After I get done with teaching today, there's a lot going on around Harvard.
First, we will be having a reception to welcome our newly incoming Dean of the School of Engineering and Applied Sciences, Cherry Murray. I don't know much about her, unfortunately, but if anyone does and wants to send me e-mail with information, feel free. I admit, my major concern with a new Dean coming in is the question of how we're going to grow Computer Science -- and related fields, including Applied Math and Electrical Engineering -- at Harvard, particularly in the face of the financial crisis. I'd like to think it's clear we have the need, and I'd like to hear when we think we're going to have the means.

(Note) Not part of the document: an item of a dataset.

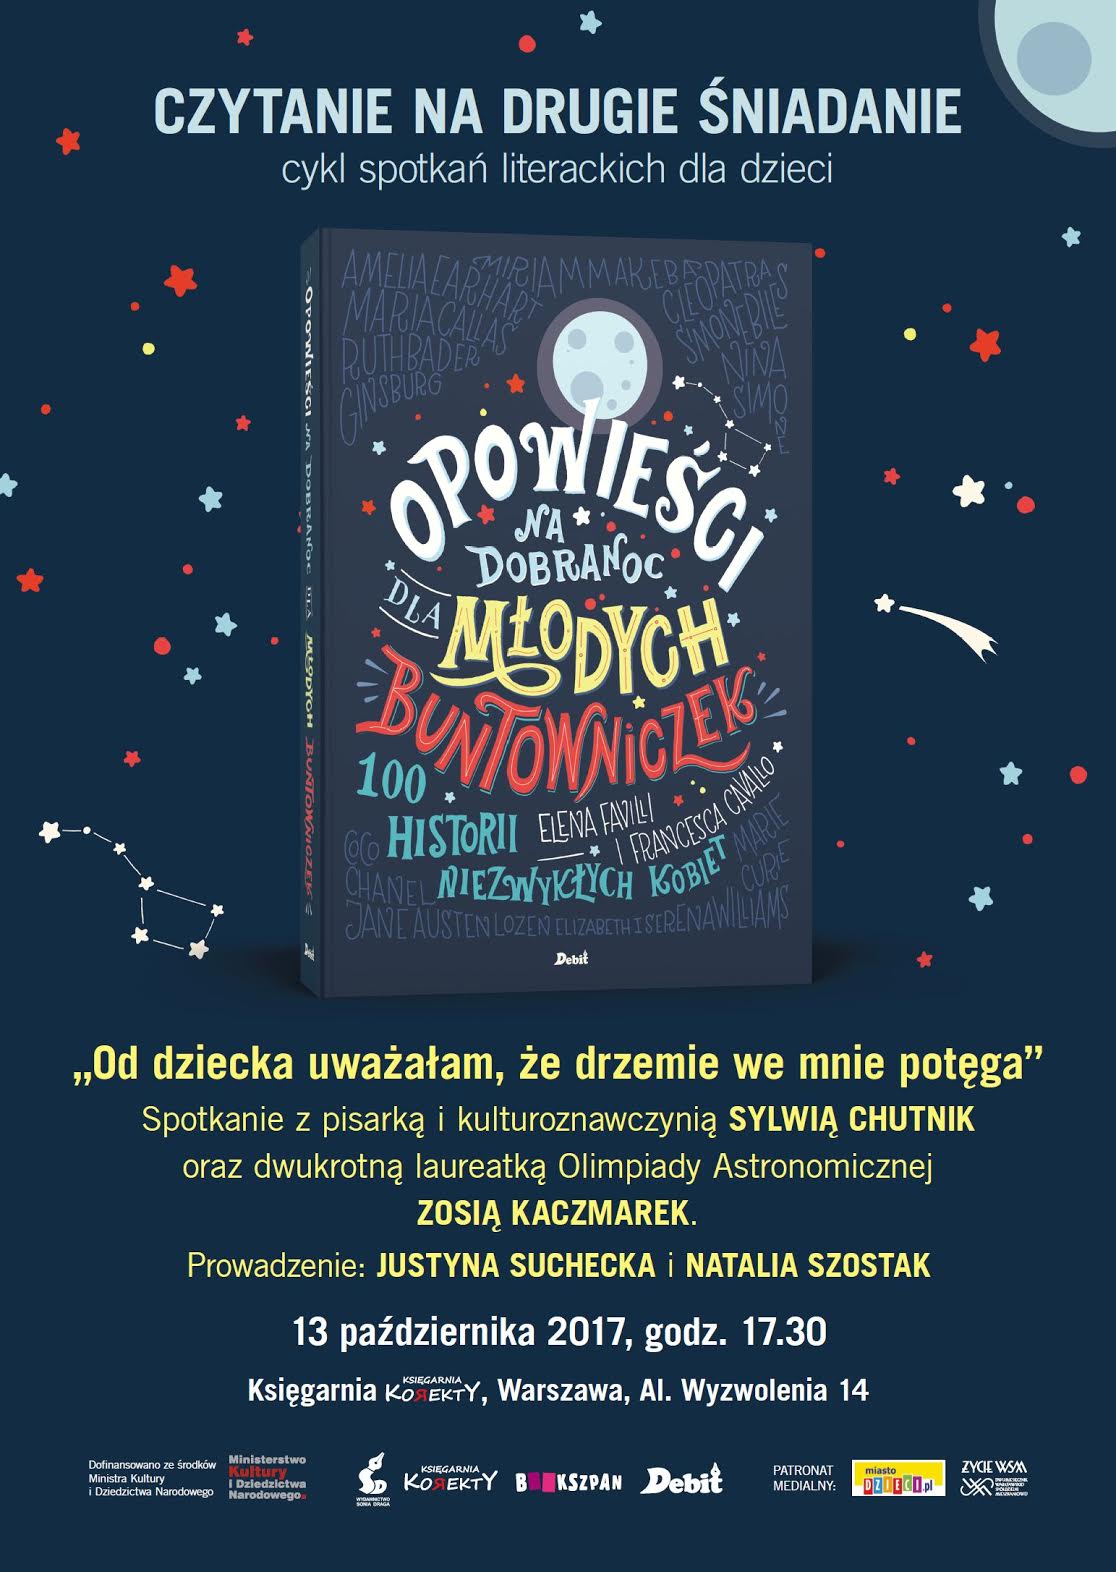 Debaty na temat książek w Warszawie

After that, this afternoon there will be a "town hall meeting" (as opposed to a faculty meeting) to discuss the dire financial situation at Harvard. Endowment funding is expected to drop by 8% next year, much more than originally expected. Staff layoffs are looking imminent -- perhaps some will be announced at this meeting. In short, the budget situation is grim. As an example that's both in some sense absurd and appropriate, next year for our regular Computer Science faculty lunch meeting, we'll have to brown bag it. As a perhaps more compelling example, the Teaching Assistant to student average ratio is going to have to go up substantially next year in computer science. (We've had an embarassingly luxurious TA-to-student ratio, so I believe that this change will only take us to something that most would consider normal, but it will still be a change for us.) The problem at a university is that so many costs are essentially fixed -- primarily staff costs -- that there's very little in the class of optional things that can be cut substantially. Until the economy turns around, I expect more grim news -- at town hall meetings or otherwise -- ahead.